A lot of issues with older systems is the quality of "pattern" parts available today and has been mentioned some do not even work out of the box.
I like the idea of the Bosch Blue coil mounted away from the heat along with the condensor, many times I went out to breakdowns as an apprentice found the condensor was at fault and not having the correct one in the van was able to swap the radio suppressor/condensor that was fitted on the switch side of the coil over the the CB contact breaker side, snip off the old condensor, clean and reset the points allowing the customer to drive back to garage to be fixed permanently.
On ballast resister type coils where fitted on Vauxhall Vivas etc.it was I think a 8 volt coil with the ballast resister bolted to the terminal with an extra wire, the idea was on cranking the 8 volt coil was supplied with battery 12 volts which may have dropped during cranking, but then when starter was released the 12 volt supply then went through the ballast resister to happily run the 8 volt coil.
Apart from where coils are shorting HT voltage down the neck of the coil giving a misfire which is often visible or if you have a good heart can be checked by running your hand around the area ;), Coils rarely totally fail, I can only recall personally one in 50 odd years and that was on a Mk 3 Zephyr four cylinder and was a break in the internal wiring which could be duplicated by giving it a belt with the back of your hand.

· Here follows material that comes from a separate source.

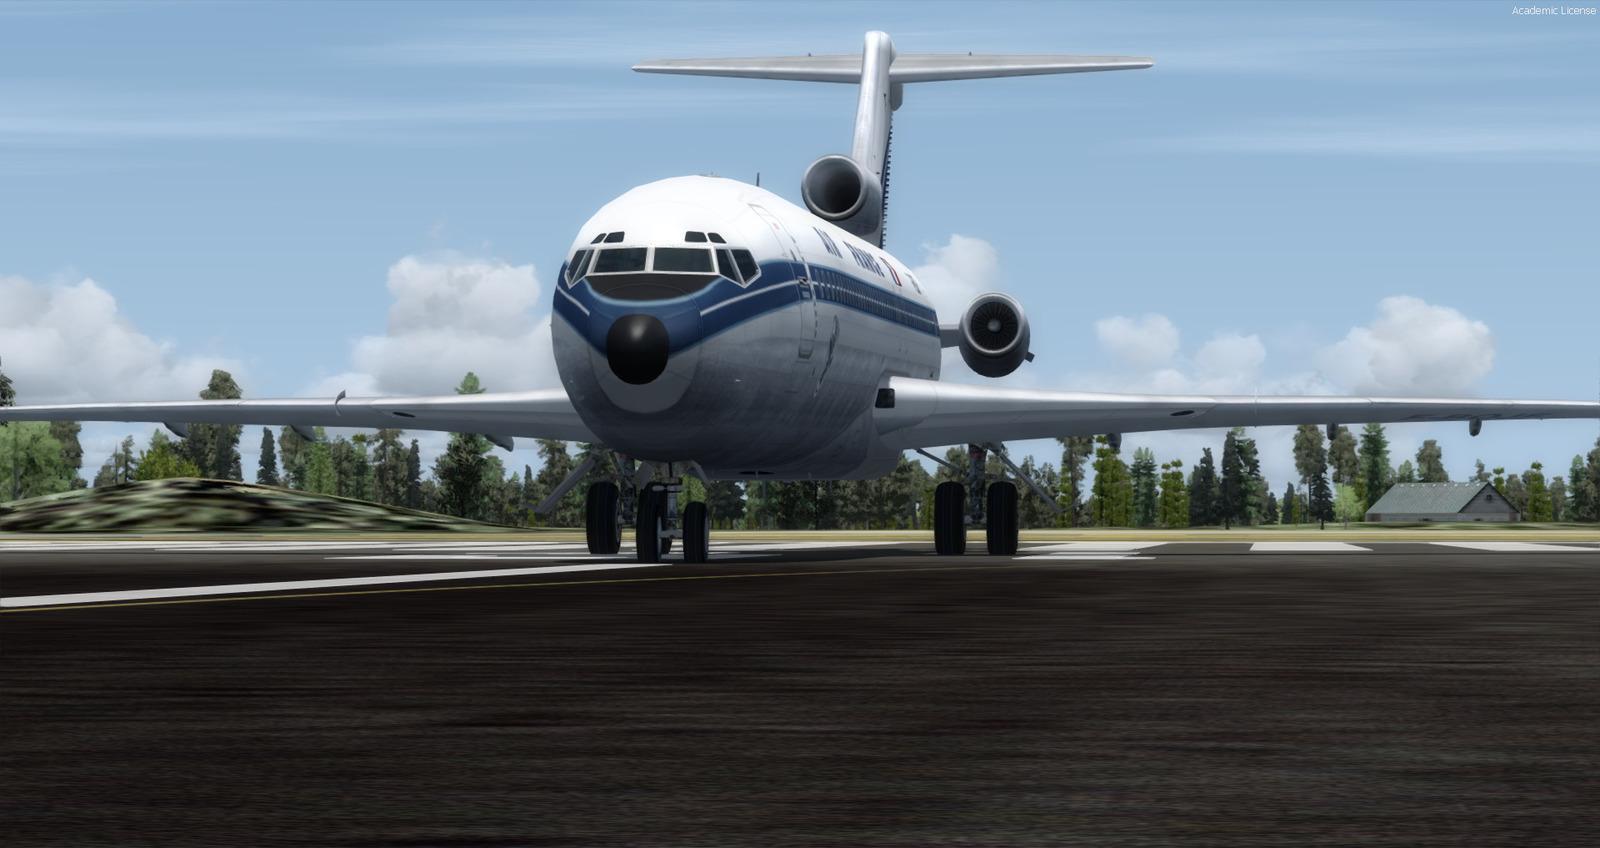 727 aircraft missing
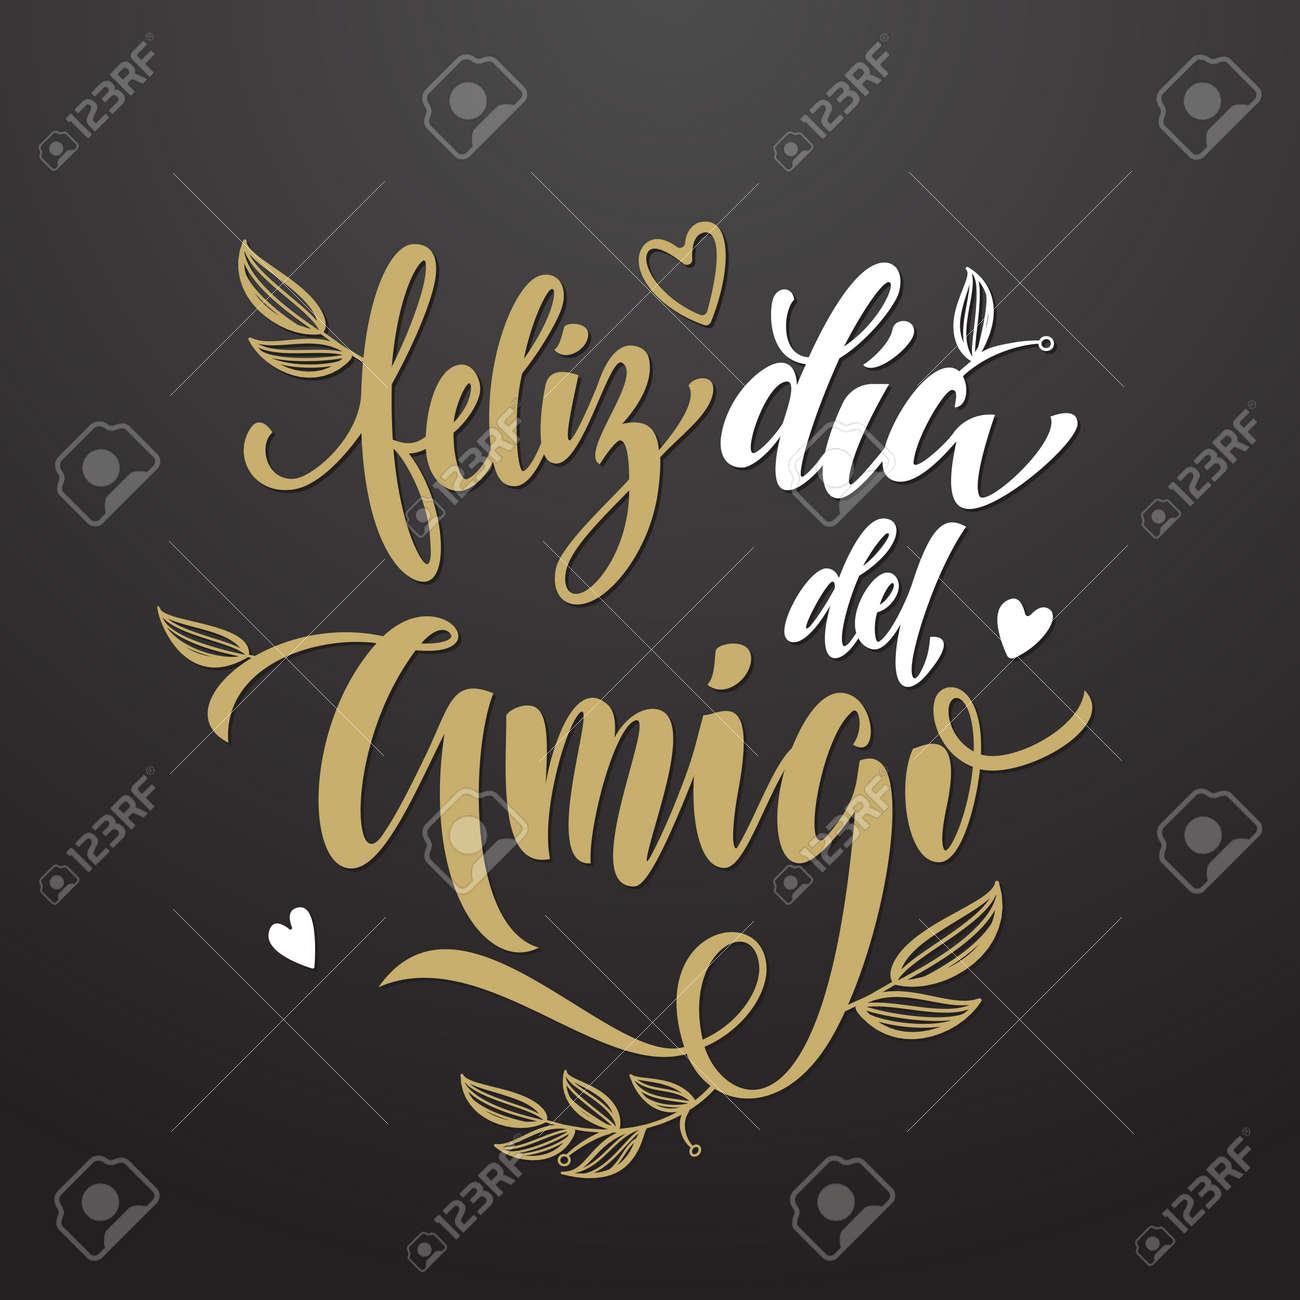 Feliz Dia Del Amigo Friendship Day Lettering In Spanish For Friends Greeting Card Hand

Many car electrics issues on older points based vehicles are caused by having the ignition on whilst checking something else and engine not running, this quickly results in the coil and condensor overheating, to the point I have seen oil running from the coil and hot to the touch, leaving ignition on also burns the points as well. So if you have to have ignition on to do some other job all you need to is pull the CB points side wire off the coil to prevent damage.